Gray divorce has seen a huge increase over the past few decades. Back in 1990, only one in ten couples filing for divorce were aged 50 of over. That contrasts pretty markedly with the one in four couples over the age of 50 filing for divorce in 2009. Many reasons may be behind this growing trend, including a decreasing stigma toward divorce in American society in general, and the fact that many Baby Boomers are more self-aware about wanting fulfilling marriages.
Many of the people in this age demographic made the conscious choice to stay together until their children are grown and out of the house. Once that occurs, they decide they no longer want to stay in an unhappy marriage, especially when confronted with the fact that people are living longer than ever. This can be especially true for women, since statistics show that they often live longer and enjoy greater levels of health than their male counterparts.

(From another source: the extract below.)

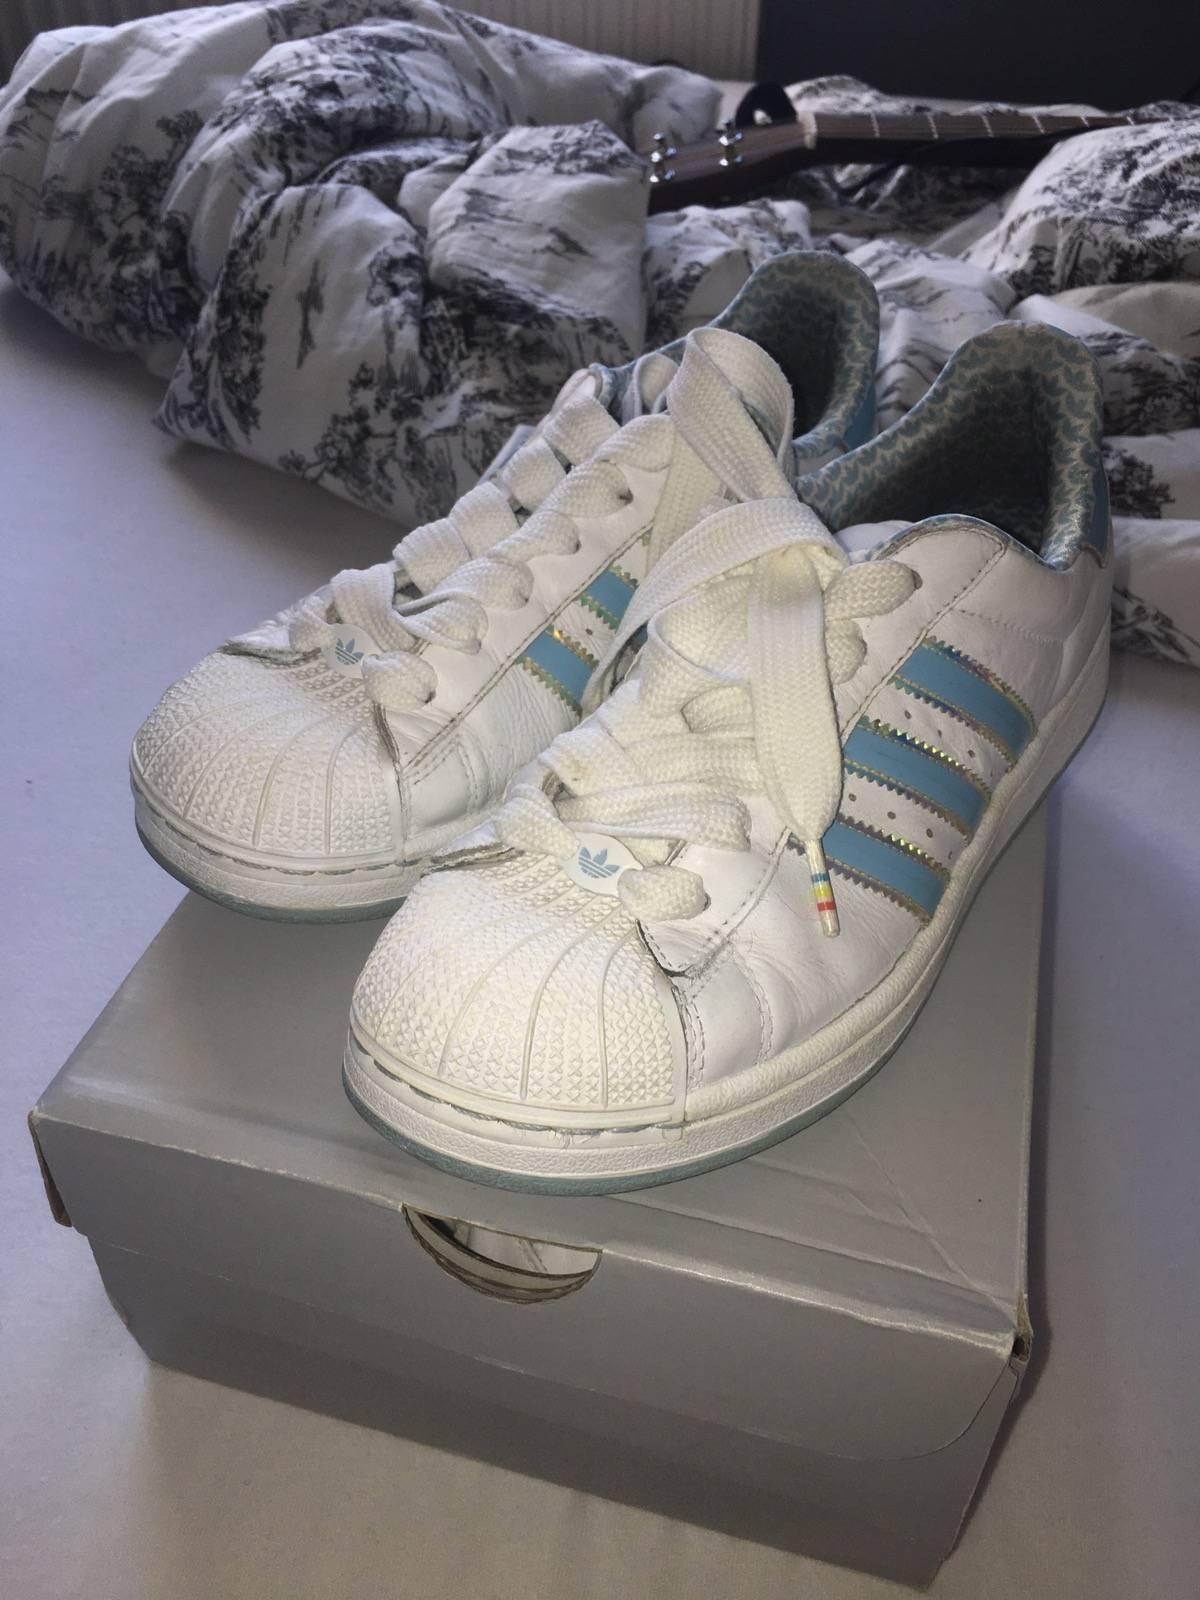 Adidas ADIDAS SUPERSTAR 2.0 912846 holo baby blue

An older Maryland couple that decides to divorce may be interested in researching the collaborative law process. This can provide a quicker, less expensive option for some couples and can allow the splitting spouses the chance to decide issues such as alimony, dividing up marital assets and retirement benefits. That last can be a particularly important issue for couples over the age of 50. By researching divorce mediation, couples over the age of 50 may find that it is a desirable option to make their breakup happen as smoothly and amicably as possible.